In a report on Human Rights and Immigration Detention released by a Special Envoy of the UN High Commission for Human Rights, it is mentioned that the Government’s policy on Asylum seekers reveals a “great human tragedy” (Human Rights and Equal Opportunity Commission, Jonas. W., 2001).

The women in these detention centers are tortured, ill treated and sexually abused. The discrimination which the Aboriginal women experienced is very much different from and worse than that experienced by the men of these groups. For example, the Aboriginal women were never included into the discussions pertinent to land ownership etc. Another example of the tragic situation is the children being abducted from their mothers, ill treated, beaten up cruelly and degraded in the detention centers. The indigenous Australian women are prone to greater intensities of sexual exploitation when compared with the non-indigenous women.

The harassment which they experience is in terms of low wages due to poor English language skills or low socio-economic status etc. The women asylum seekers and the refugee women also experience discrimination in multiple ways i. e., based on racism, xenophobia, sexism and different historical basis. The women asylum seekers are vulnerable to exploitation during flight and even in the immigration detention centers. The United Nations, in coalition with the Australian Government, is trying to improve the condition of women in the detention and immigration centers (UN Commission on Human Rights, Report by the special Rappoteur on contemporary forms of racism, racial discrimination and xenophobia, March 2005).

The distressing conditions in these centers have driven the women to acts of suicide and self-harm. An investigation done by the United Nations expressed deep concern over the pathetic condition of children, infants, pregnant women and disabled women. The Australian Government rejected the investigation reports saying that its detention policy is successful and there is no question of further modification of it. In the political scenario, the Aboriginals are the underrepresented.

In the October, 1998 general elections, an Aboriginal was selected to the Federal Senate for the first time. In 2001, an Aboriginal woman was elected to the West Australian State Parliament, and these examples reveal that in spite of the vilification and oppressions suffered by those people, in the recent years, the Government is trying to make things better for them. The UN Commission on Human Rights, Report by the special Rappoteur on contemporary Forms of Racism, Racial Discrimination and Xenophobia, Doudou Diene, 2005 has suggested a few recommendations according to which a broader understanding of the policy of multi-culturalism would help in bringing down the suffering of people in the name of race.

Thus racial discrimination and xenophobia are issues which should be addressed by the Australian government with immediate effect.

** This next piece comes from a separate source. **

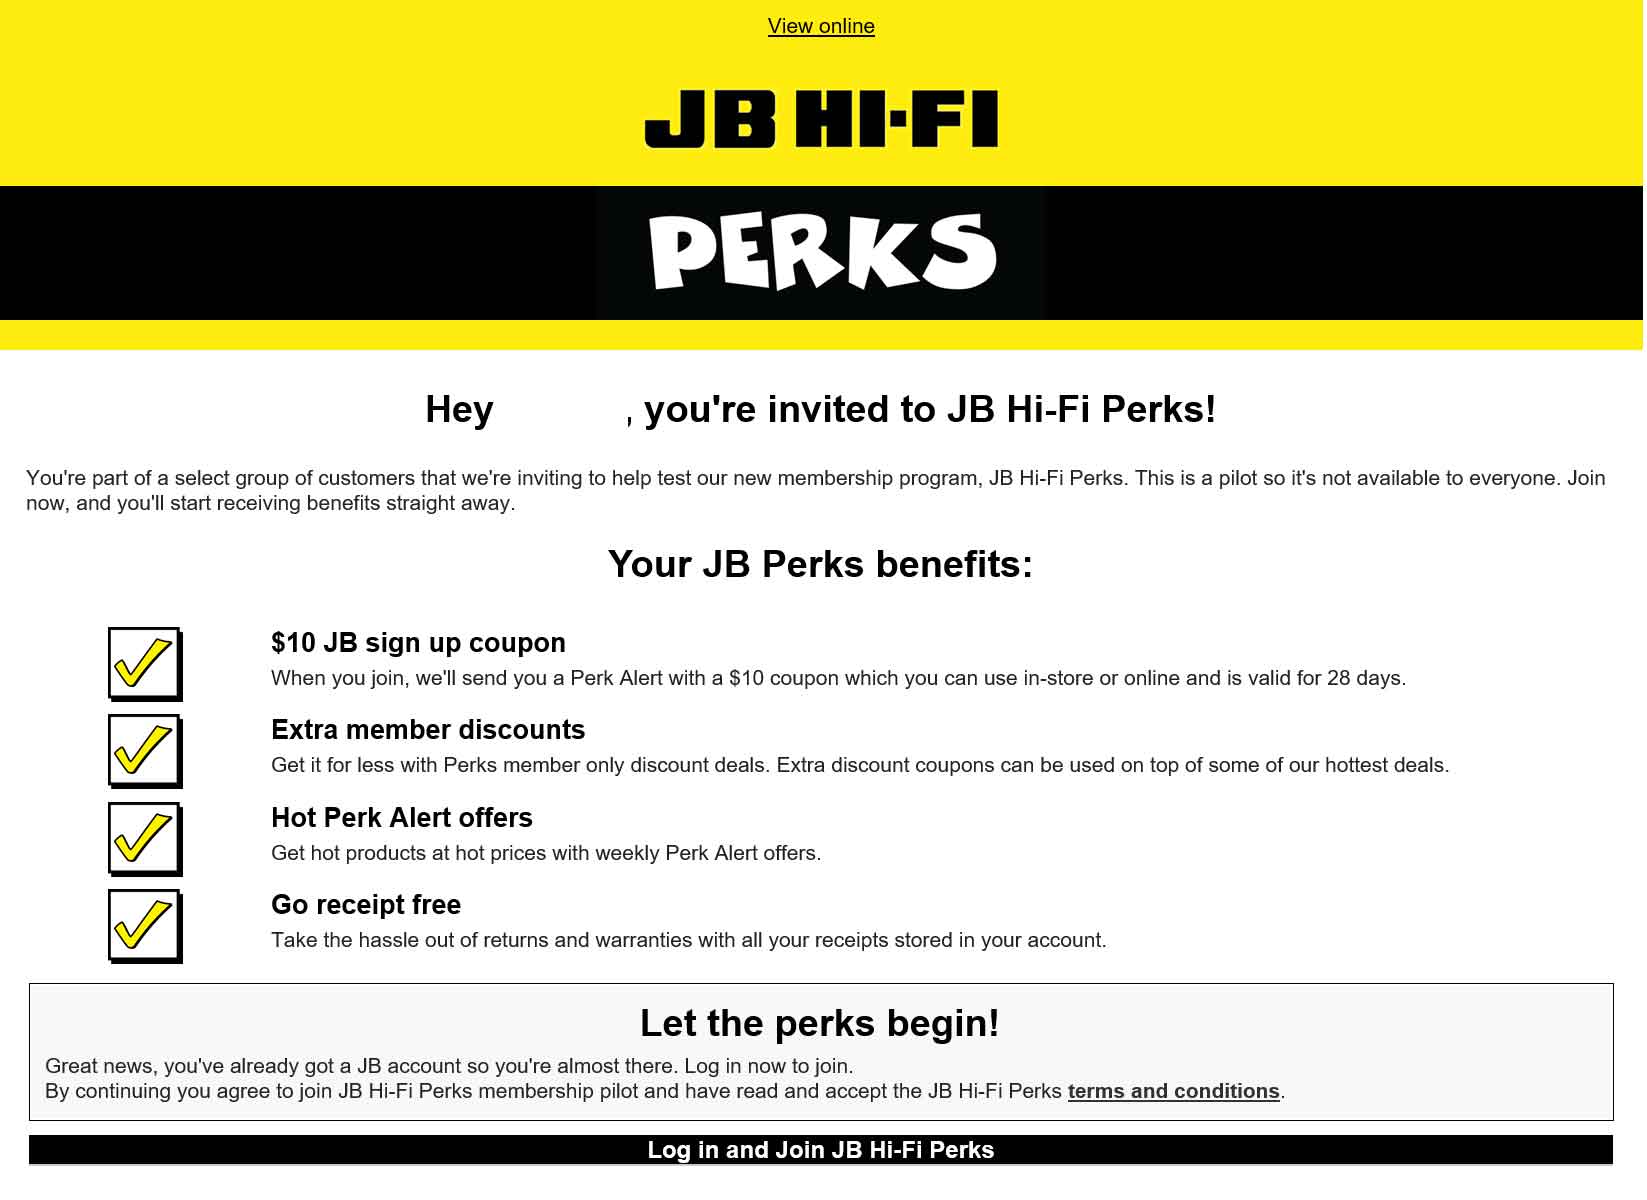 JB Hi-Fi Perks

The right to fight against oppression is the fundamental right of every individual. The recommendations made by the Special Rapporteur on contemporary forms of racism, racial discrimination and xenophobia, if , taken into account and implemented, the future world would witness a land free from discrimination and differences. The recommendations areTo give a fresh impetus to the process of reconciliation. To amend The Native Title bill to facilitate the Aboriginals to come out of extreme poverty conditionsTo eliminate all forms of discrimination against women. To find a humane solution to the problem of stolen generationThus to see a nation free from the clutches of racism would be a hope in the hearts of people.